Pretomanid Pregnancy and Breastfeeding Warnings

Medically reviewed by Drugs.com. Last updated on Nov 25, 2024.

Pretomanid Pregnancy Warnings

This drug should be used during pregnancy only if the benefit outweighs the risk to the fetus.

US FDA pregnancy category: Not assigned

Risk summary: No data are available on the use of this drug in pregnant women to inform a drug-related risk.

Comments:
-The manufacturer product information for bedaquiline and linezolid should be consulted; the pregnancy information for these drugs also applies to this combination regimen.

Animal studies have failed to reveal evidence of embryofetal toxicity but have revealed evidence of increased postimplantation loss at maternotoxic doses. Increased postimplantation loss was observed in rats with maternal toxicity (including reduced body weight and feed consumption) at oral doses of 100 mg/kg/day (about 4 times the human exposure for a 200 mg dose based on AUC); no adverse embryofetal effects were observed in rats or rabbits at doses up to about 2 times the human exposure. There are no controlled data in human pregnancy.

Reduced fertility and/or testicular toxicity were observed in male rats and mice after oral dosing of this drug; such effects were associated with hormonal changes (including deceased serum inhibin B, increased serum follicle stimulating hormone, increased luteinizing hormone) in rodents. Reduced fertility and testicular toxicity could not be definitively ruled out in male humans at this time.

Active tuberculosis during pregnancy is associated with adverse maternal and neonatal outcomes (including maternal anemia, caesarean delivery, preterm birth, low birth weight, birth asphyxia, perinatal infant death).

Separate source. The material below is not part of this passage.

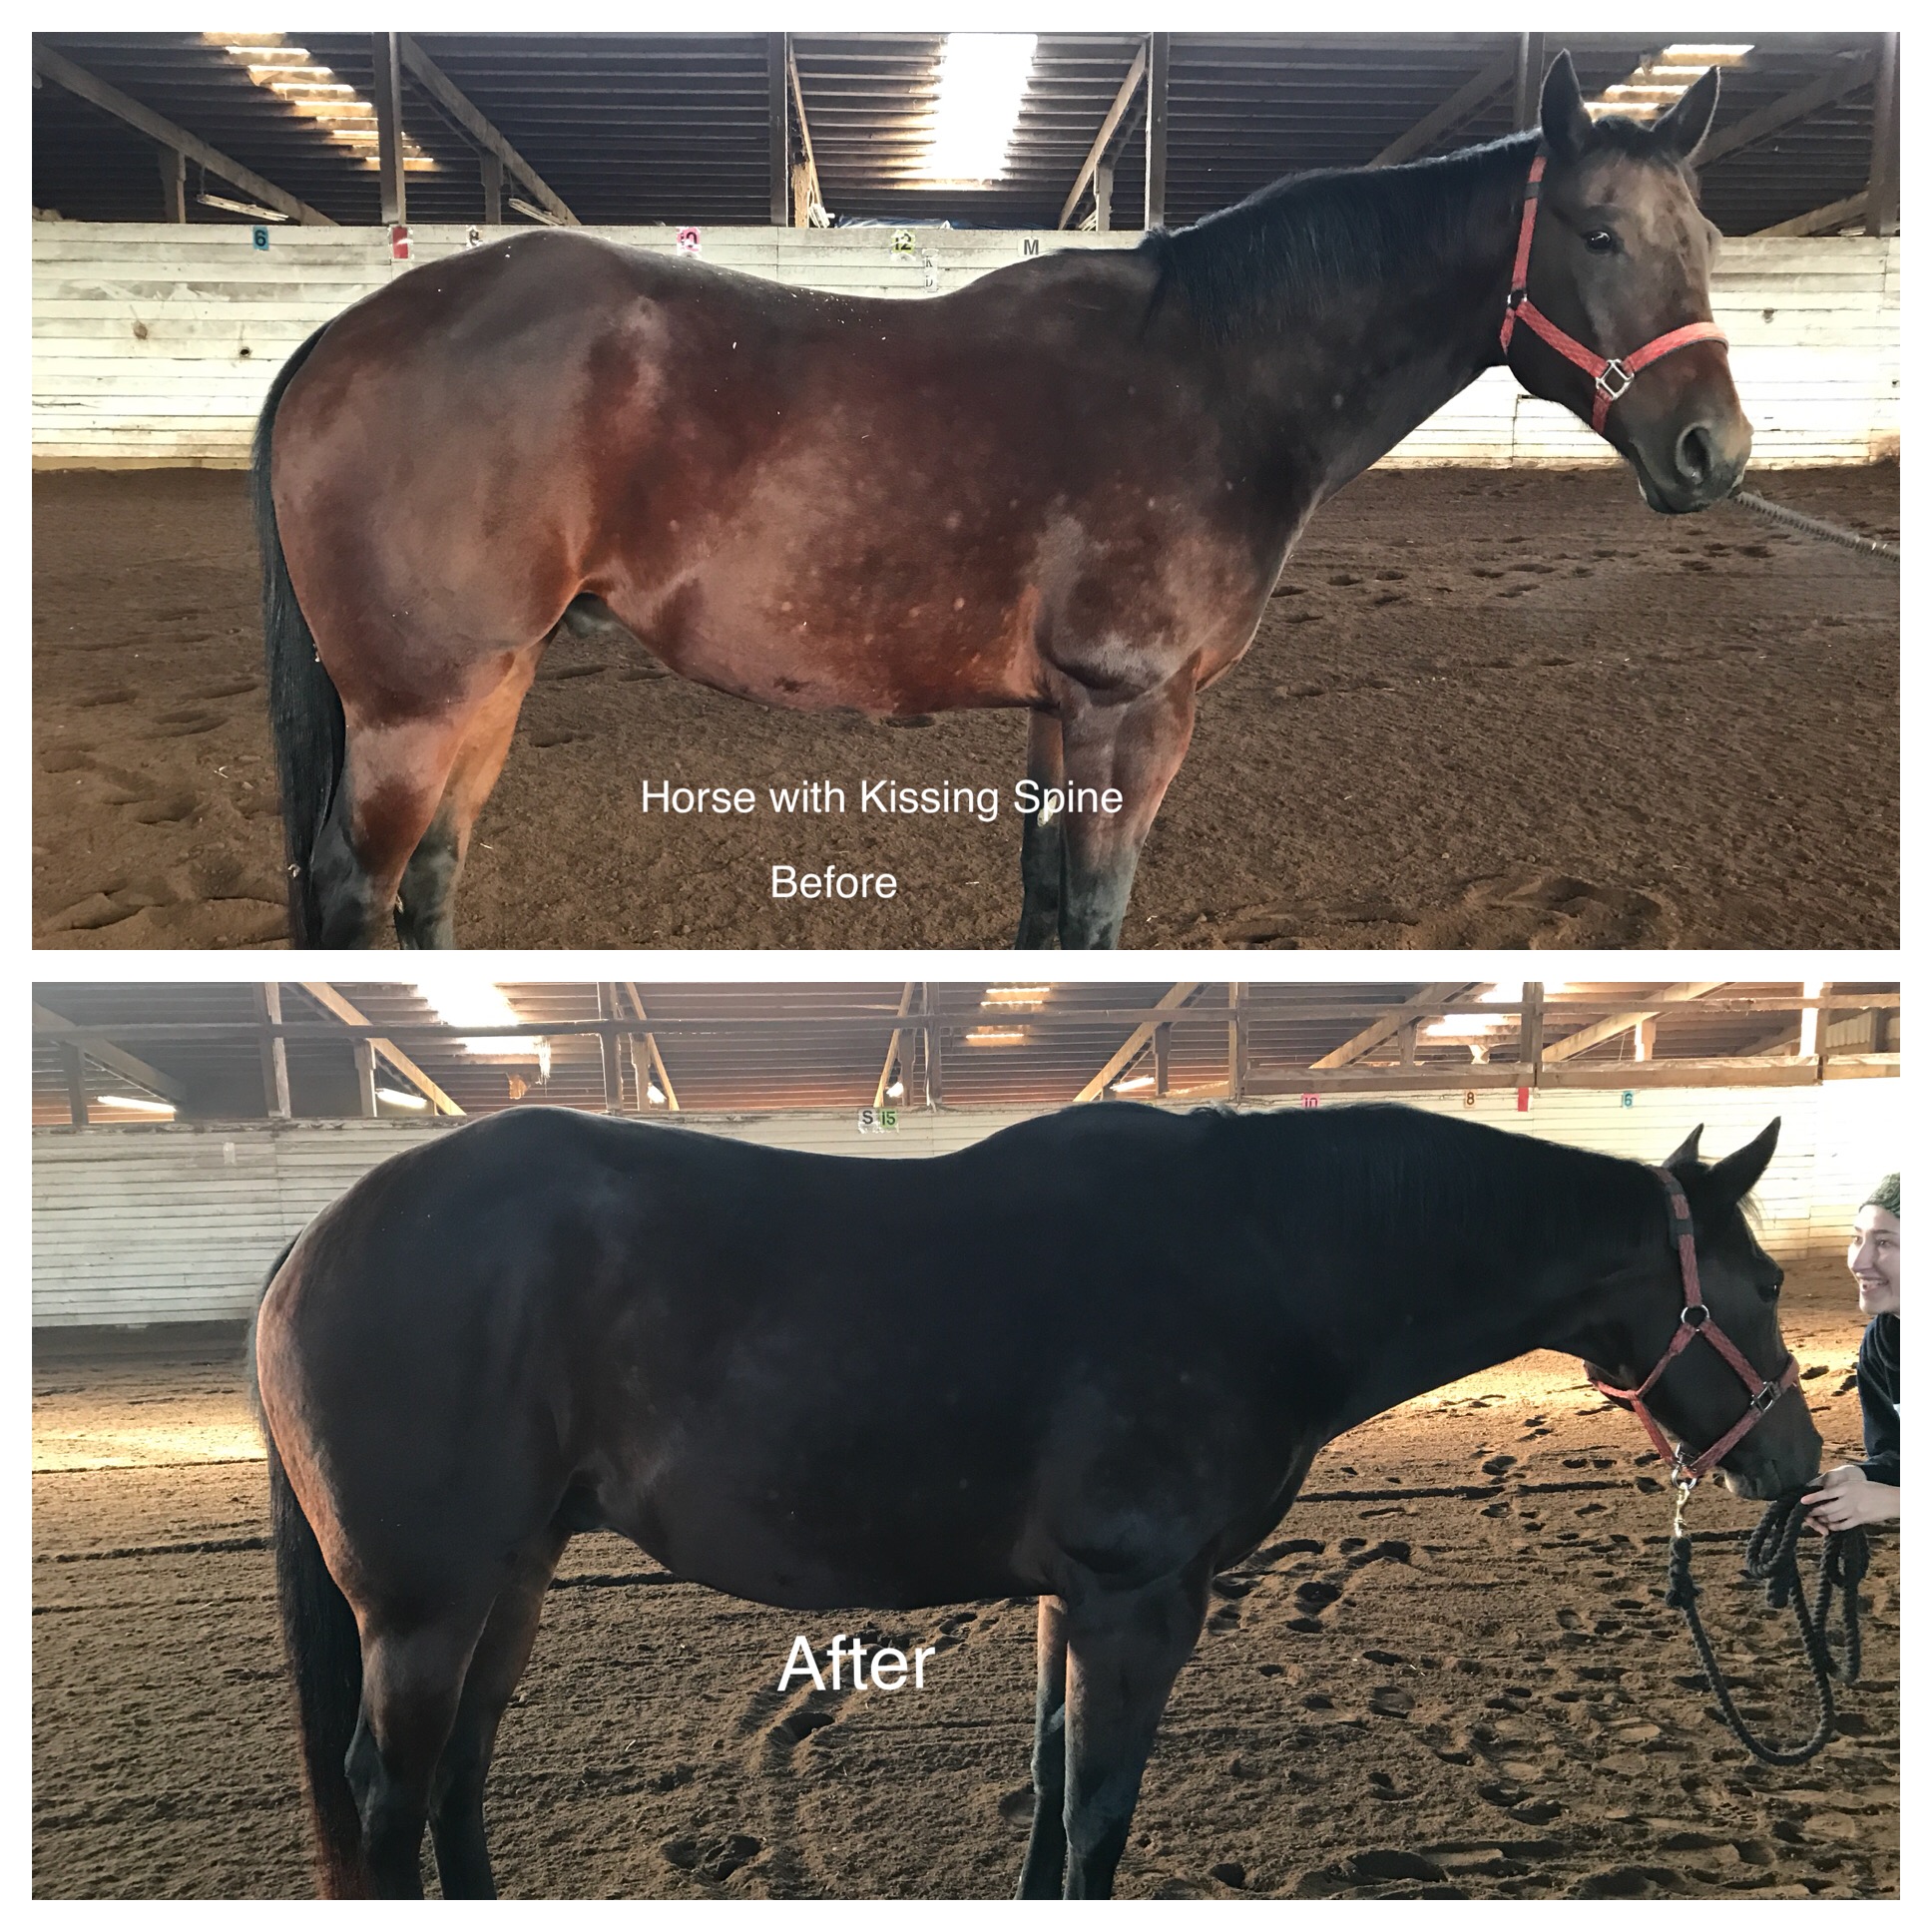 This gelding had been diagnosed with kissing spine.  The goal of our session was to help him relax and feel more comfortable in his body.  In our 20 minute session his topline opened up a bit and he was able relax so much more.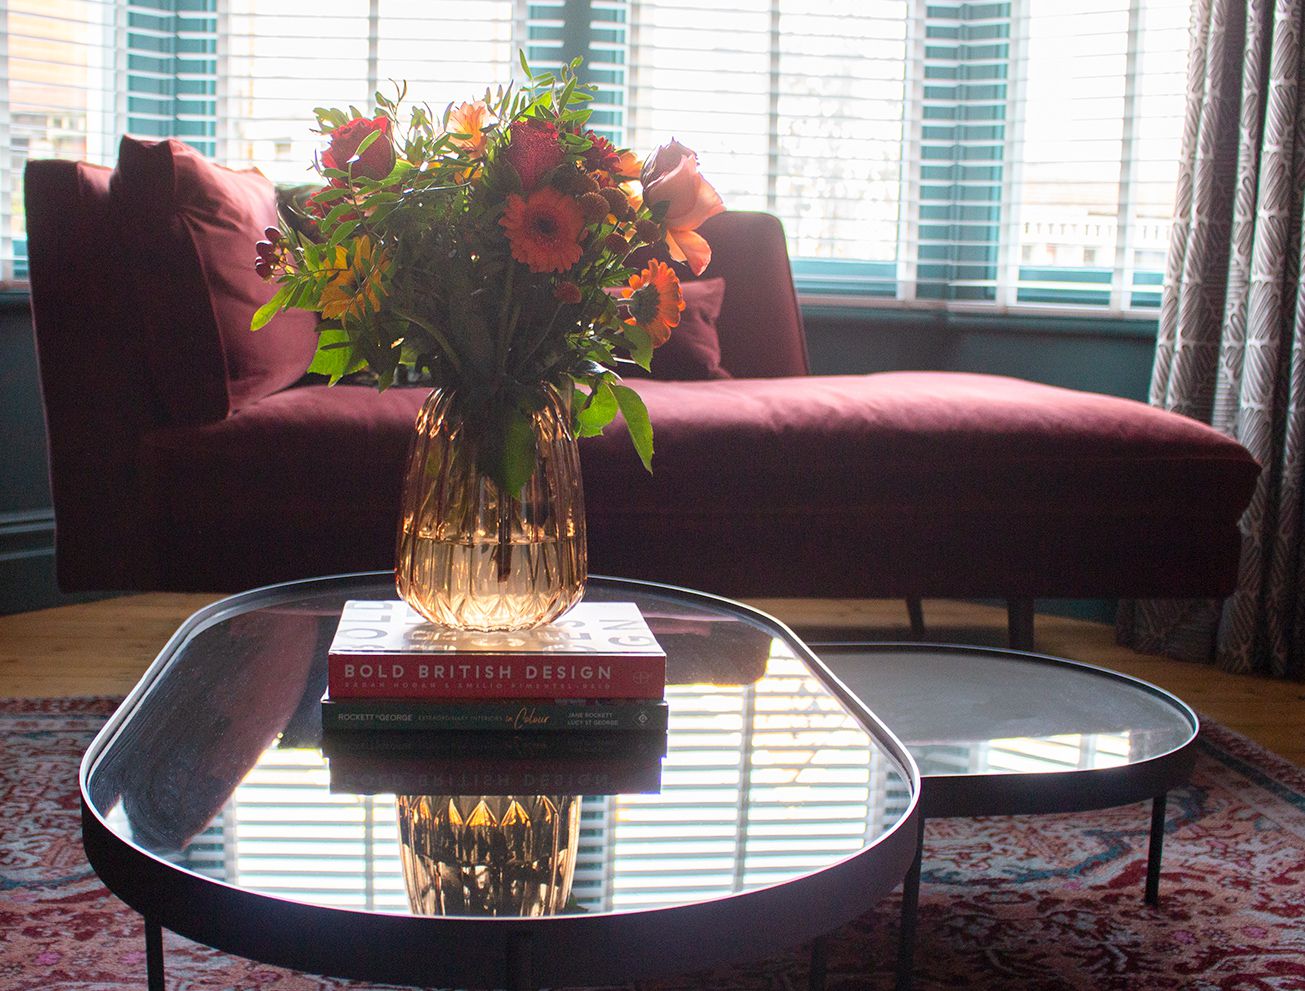 A photo showing the claret coloured chaise long, with brightly coloured flowers in front of it on the coffee table.

US FDA pregnancy category Not Assigned: The US FDA has amended the pregnancy labeling rule for prescription drug products to require labeling that includes a summary of risk, a discussion of the data supporting that summary, and relevant information to help health care providers make prescribing decisions and counsel women about the use of drugs during pregnancy. Pregnancy categories A, B, C, D, and X are being phased out.

See references

Pretomanid Breastfeeding Warnings

If this drug is required by the mother, it is not a reason to discontinue breastfeeding; however, until more data are available, an alternate agent may be preferred, particularly while breastfeeding newborn or preterm infants.
-According to some authorities: A decision should be made to discontinue breastfeeding or discontinue the drug, taking into account the importance of the drug to the mother and the benefit of breastfeeding for the child.

Excreted into human milk: Unknown
Excreted into animal milk: Yes

Comments:
-No information is available on the use of this drug during breastfeeding.
-Developmental and health benefits of breastfeeding should be considered as well as the mother's clinical need for this drug.
-The effects in the nursing infant are unknown; potential adverse effects in the breastfed child due to this drug or the mother's underlying condition should be considered. A risk to the child cannot be excluded.
-The manufacturer product information for bedaquiline and linezolid should be consulted; the lactation information for these drugs also applies to this combination regimen.

According to author estimation, based on a computed milk-to-plasma ratio of 0.89, a fully breastfed infant would receive 1.02 mcg/kg/day of this drug with a standard maternal dose (200 mg/day); however, a nonstandard milk volume was used in their calculation. Using the standard 150 mL/kg/day, the estimated infant dosage would be 0.83 mcg/kg/day.

See references

Further information

Always consult your healthcare provider to ensure the information displayed on this page applies to your personal circumstances.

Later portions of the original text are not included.